Today, I offer a high-level overview of how we put ESLint in place and scaled it across our multi-repository front-end project. If you’ve been planning to improve code consistency in your project – this article might just be the place to begin.


Front-end developers are familiar with ESLint, a great tool that helps maintain code quality and catch bugs. It is a fairly straightforward utility when used in small projects. All it takes to get started is adding the dependency and going through the basic setup stages.

However, what if a project is already in place, and that project desperately needs linting? What if that project consists of a few repos, or even a few dozen repos, maintained by several teams? Scaling ESLint across multiple repos has more to offer than just repeating the same steps for each of those.

First, I will take you on a history tour of how we standardized linting practices across multiple repositories. Then I will share our experience on how to coexist with all the warnings and errors.
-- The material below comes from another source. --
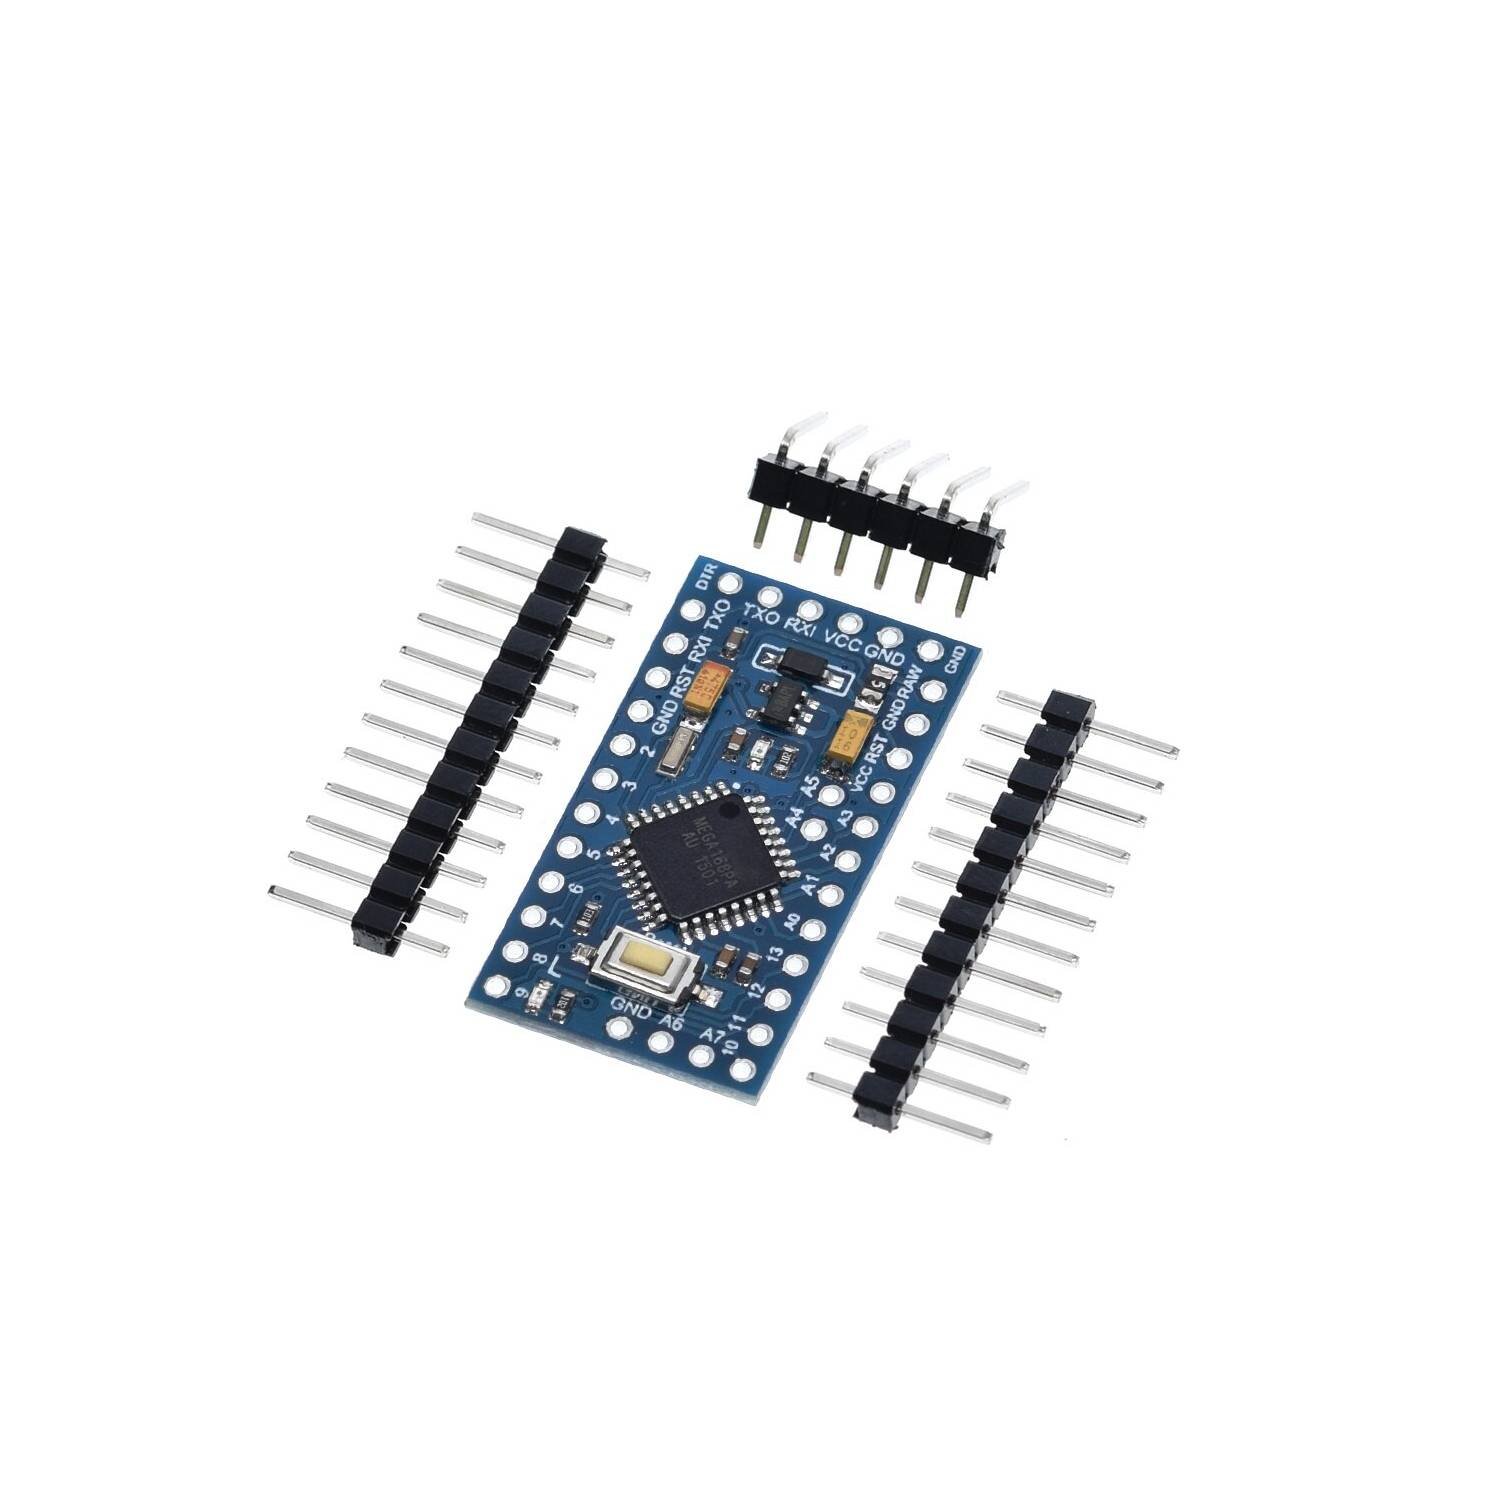 Tarjeta Desarrollo Compatible Arduino Uno Ch340 con Cable Usb - yorobotics

Strict ESLint rules bring just so many of them into the life of a mature project.

How it all began

Let's take a look at our starting point. We are an 8-year-old project and have been keen on adding new features (our excuse for everything that's wrong with our codebase, lack of code style, for one). We work with multiple front-end repos – there's a general product UI, a chat microservice, some internal use products such as a content moderation platform, a payments repo, and a few more. And though we had code-style agreements, and our repositories all used ESLint, we were not entirely happy with how things functioned. The reason was different developers were working on separate repos, so somehow, they all ended up with different configs.

Initially, each part of the project started with a strict albeit reasonable ESLint configuration. As time passed, decisions were made to switch some errors to warnings. Later, someone took the liberty of disabling those warnings altogether because they…well, it is pretty irritating when you are prompted about errors beyond your current work scope, and while you would love to get rid of those, you can't.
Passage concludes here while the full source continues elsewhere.